-- Action item --
Make an exact copy of the listing below. Pictures stay out of it.

-- Information shown --
•••
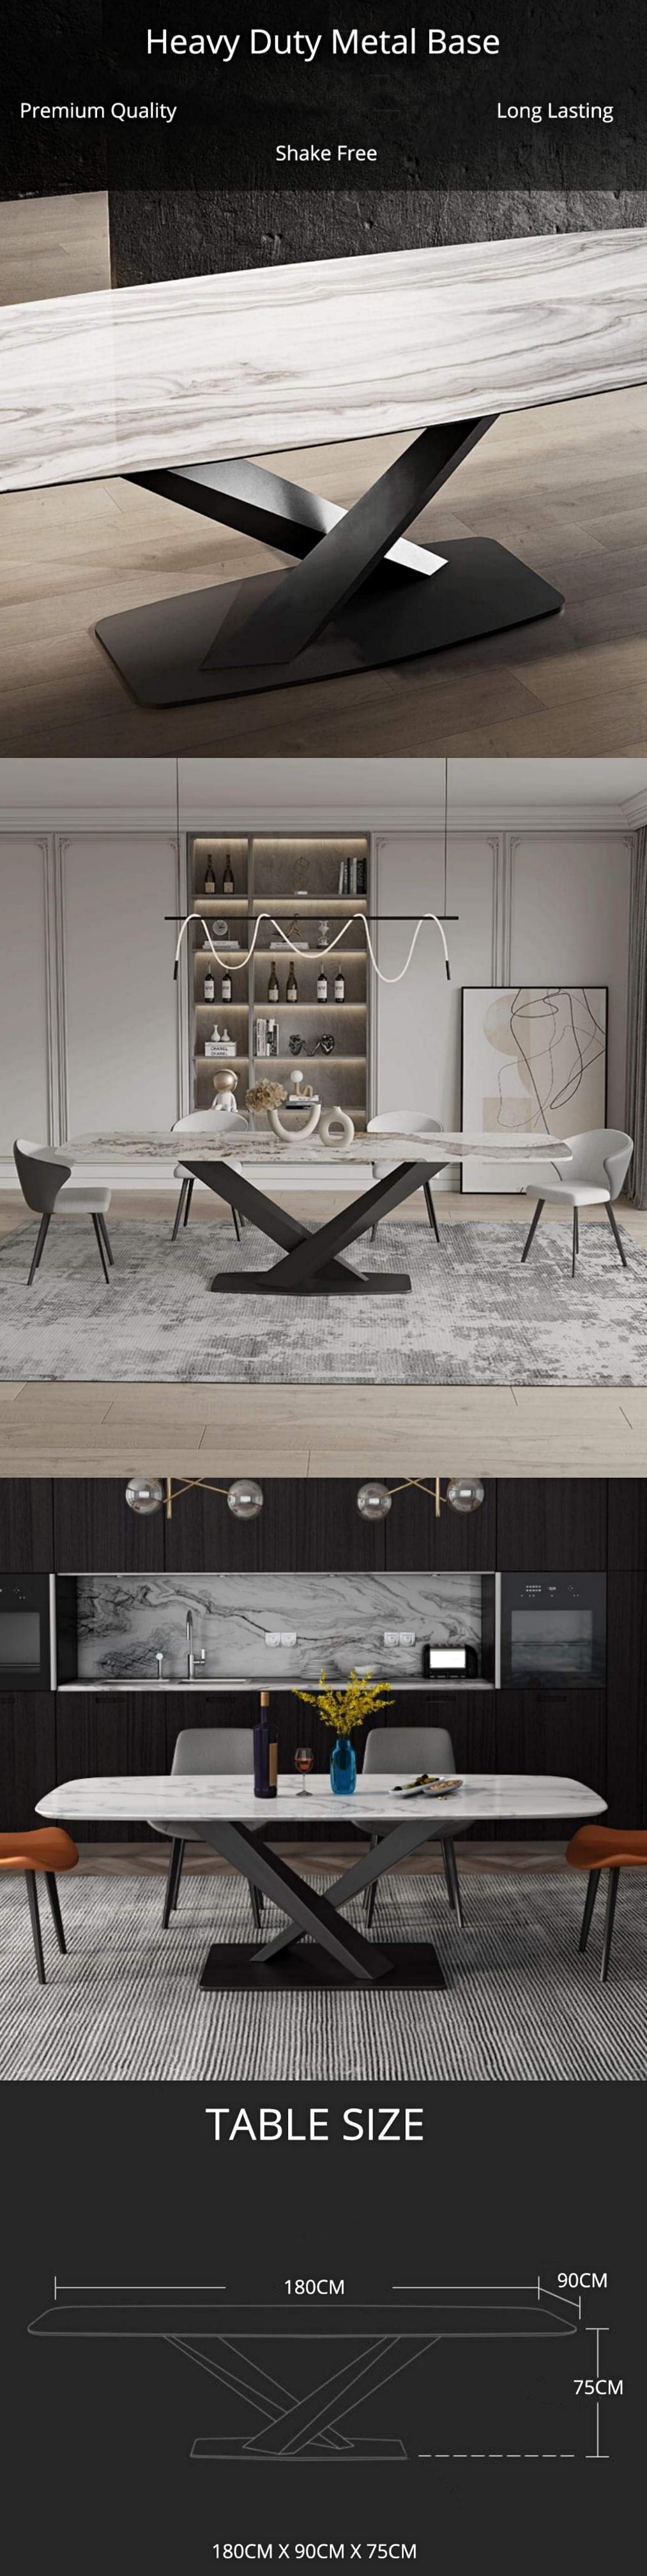 Rectangular-V-Base-Dining-Table-Item-Description-3
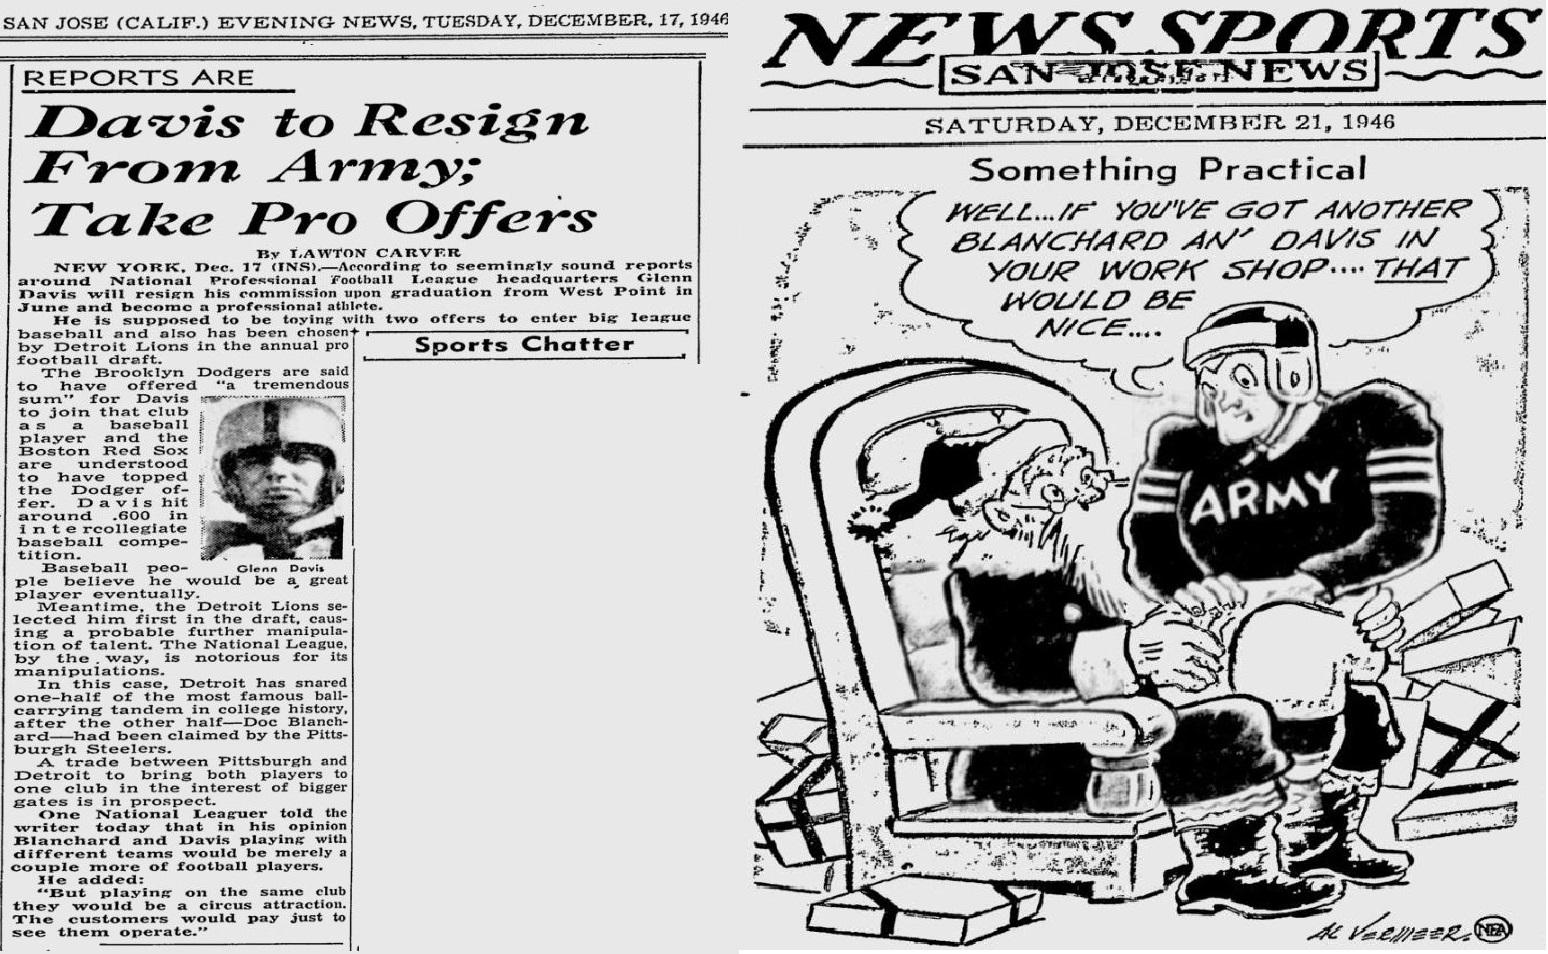 ArmyFB_1946_Davis-Pros_SanJoseEveningNews_Dec171946
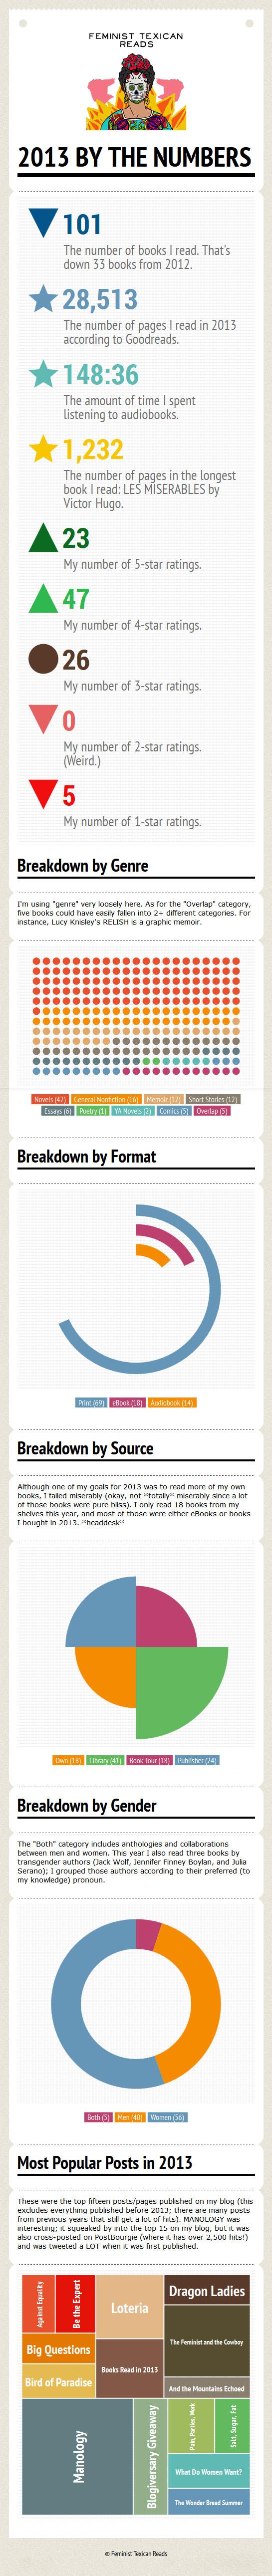 Feminist Texican Reads 2013 Infogram
•••
-- Solution --
 Rectangular-V-Base-Dining-Table-Item-Description-3
 ArmyFB_1946_Davis-Pros_SanJoseEveningNews_Dec171946
 Feminist Texican Reads 2013 Infogram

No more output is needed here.